I am especially interested in making things better for other Roma women who, in my experience, are frequently dismissed as not full citizens, or heavily sexualised. At school, I was treated badly – often by non-Roma boys who sexually harassed and tormented me.
To them, I was just a body, and an easy target as I was seen as living on the margins of civilised society. The Roma community often just wants their women to marry and have children. From an early age, I wanted to change my identity and be different.
The media is full of terrible stereotypes of Roma. They are so often portrayed as living in squalor, as thieves and cheats. There is almost no coverage about all the Roma who live and work quietly – often in professional jobs.

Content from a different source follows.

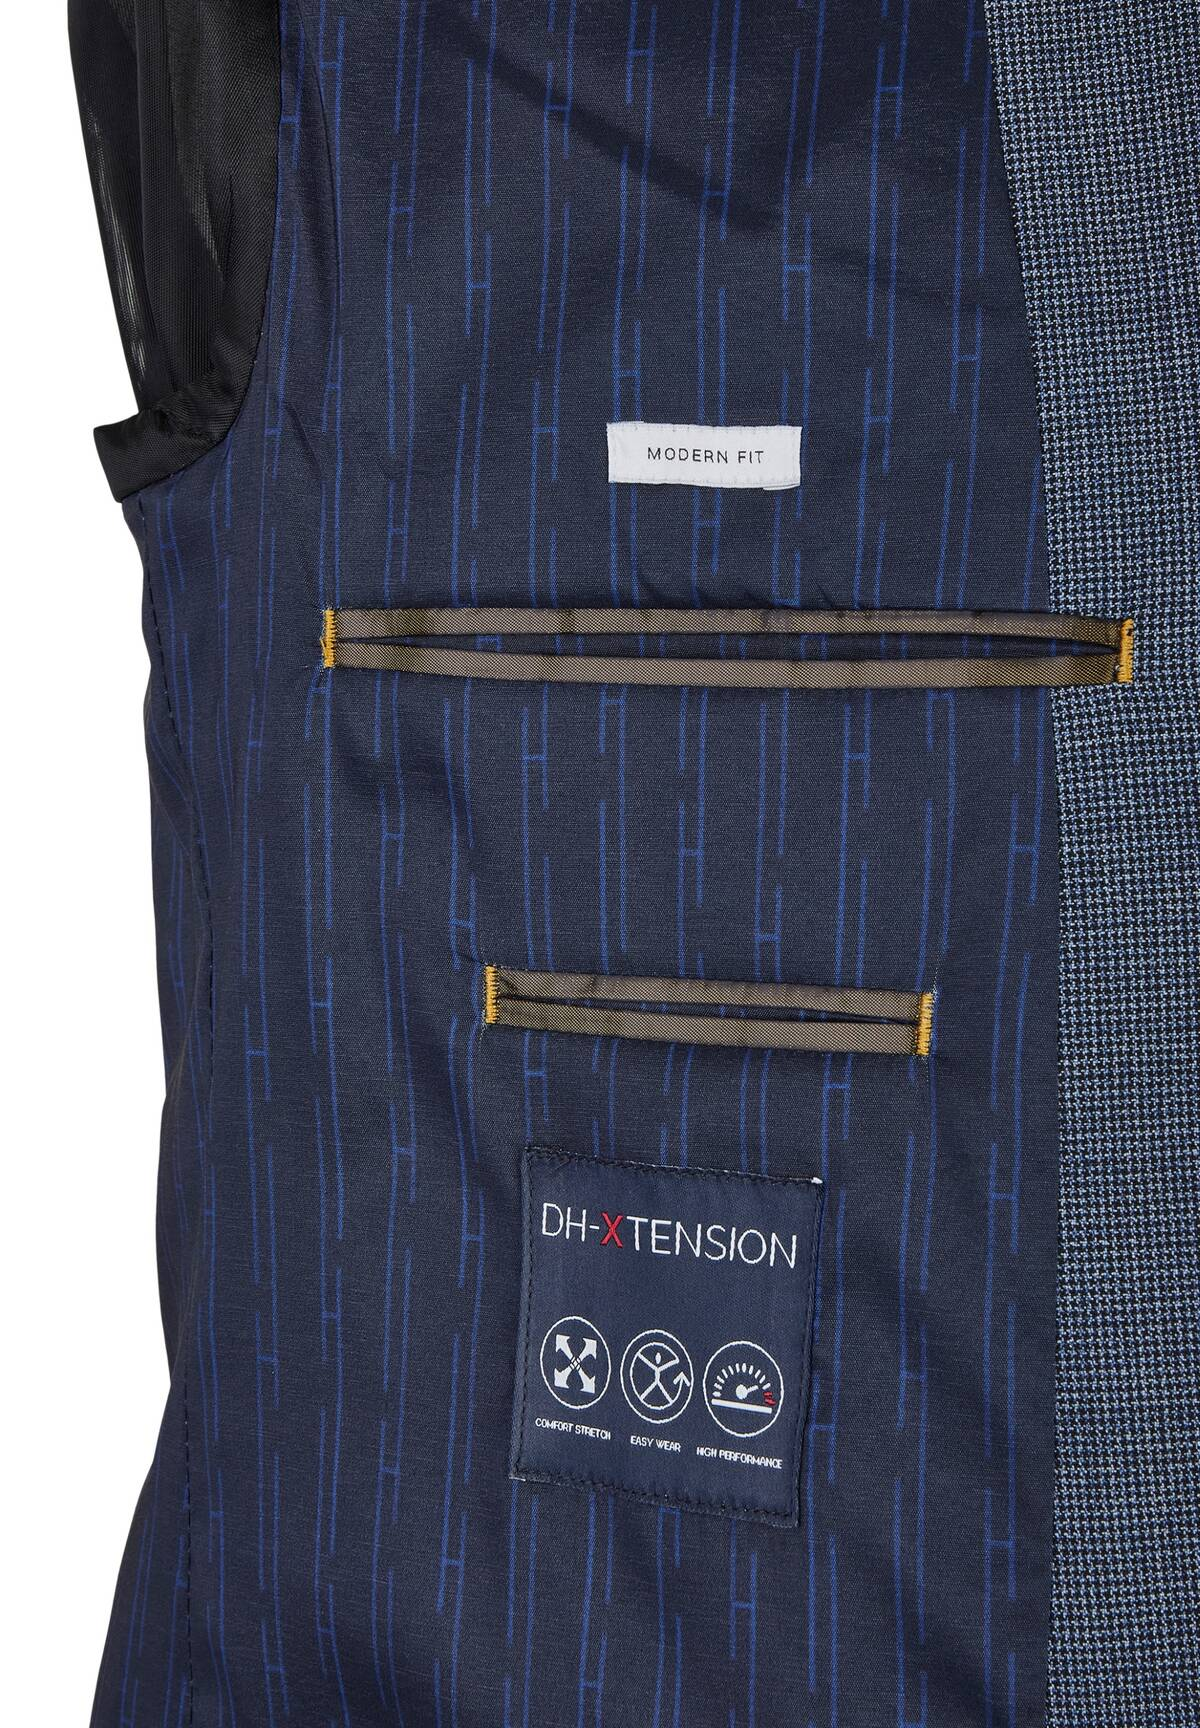 DH-XTENSION Modern Fit Anzug Sakko / DH-XTENSION Modern Fit Anzug Sakko

I am lucky, because I have received considerable support. I did my undergraduate course at the Central European University in Budapest, which has a strong commitment to supporting and enabling Roma to enter and achieve in higher education. I then came to the University of Sussex to do my master’s in international education and development. It was at Sussex that I came across the Centre for Higher Education and Equity Research.

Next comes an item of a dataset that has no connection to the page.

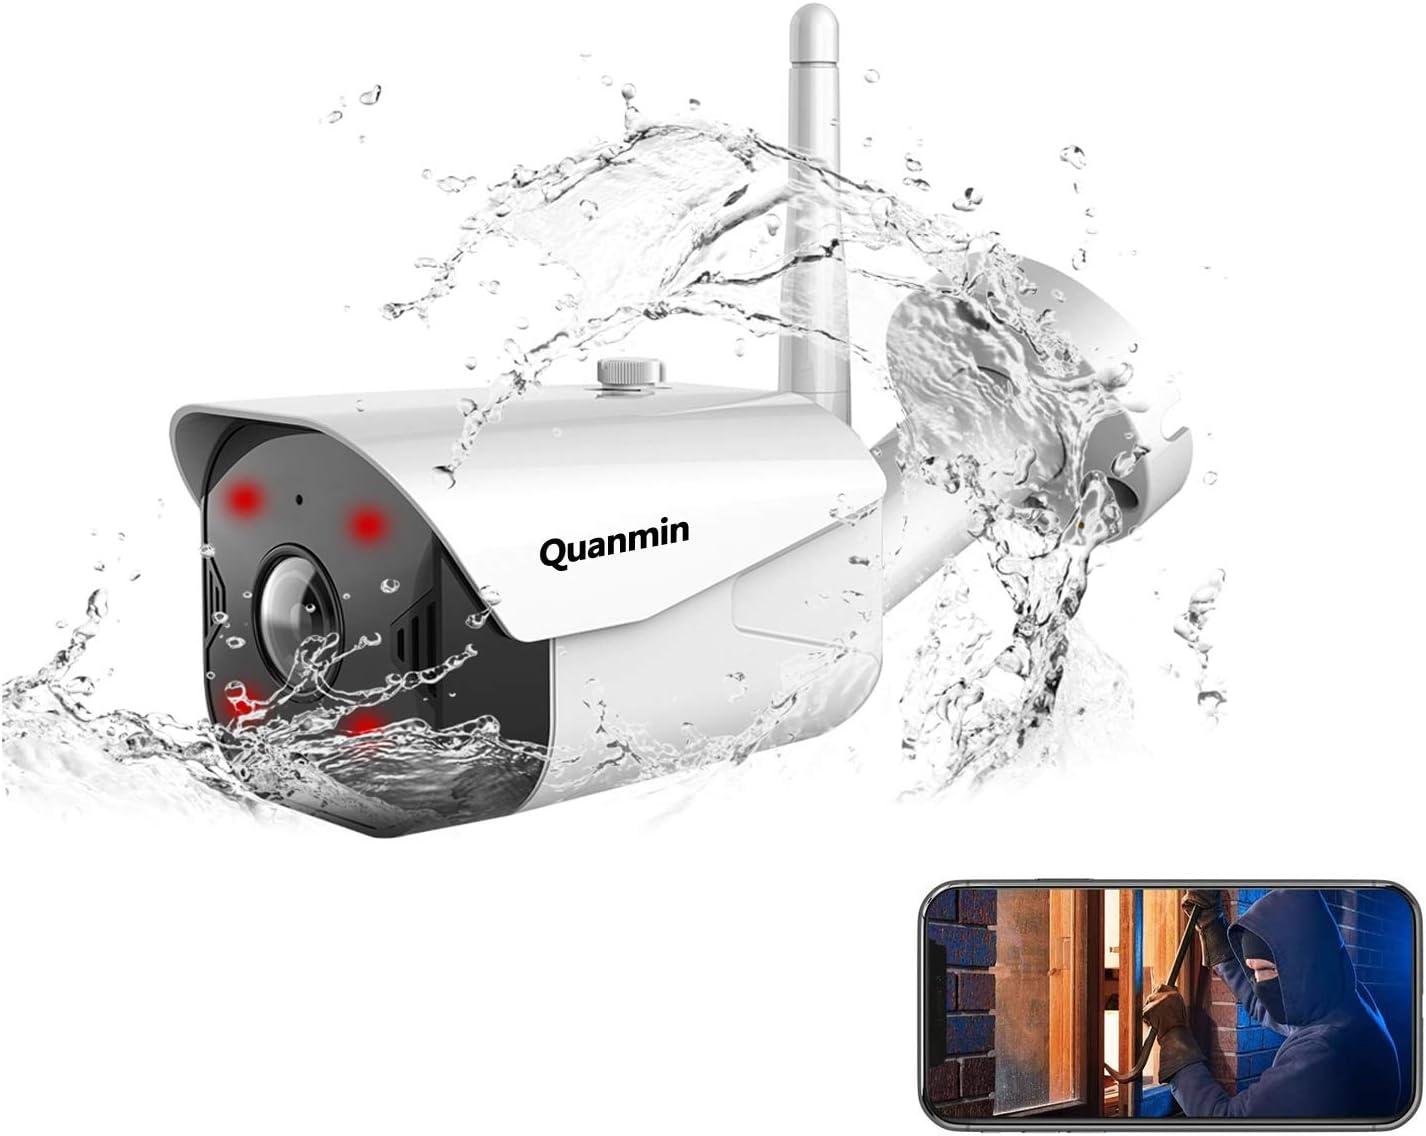 Quanmin Security Camera Smart Cloud Storage WiFi 1080P IP Camera Outdoor IP66 Waterproof Infrared Night Vision Two Way Audio Motion Detection Night Vision Work Alexa Home Surveillance CCTV Camera

The centre encouraged and funded me to study for a PhD, and to bring Roma issues into the mainstream of higher education policy and practice. I am now in my third year of doctoral study on access and participation of the Roma in higher education. Although the UK has a strong commitment to widening participation, there is very little attention paid to the Roma community as an excluded social group. I am so pleased that CHEER was open to the suggestion to conduct research on this topic.
My research findings suggest that my experiences were not unique. University students have told me of their struggle to stay in and succeed in all stages of education – often with very limited resources. They told me of the violence that they experienced, the everyday hate crimes, the way in which they had to struggle to be taken seriously in schools and not automatically sent into segregated special schools.
They document so much racism and prejudice, and yet their desire for education persisted, and they were determined to overcome all the obstacles. Let us not forget that the Roma are the biggest ethnic minority group in Europe, yet only about 1 to 3 per cent enter higher education.
I would like to say to all Roma young people everywhere: Go for it! Aim high, and don’t be put off by other people’s prejudice and ignorance. If I can do it, so can you.
Tanja Jovanovic is a Roma student from Serbia who is studying for a PhD at the University of Sussex. The university is today hosting a conference on including Roma communities in European higher education.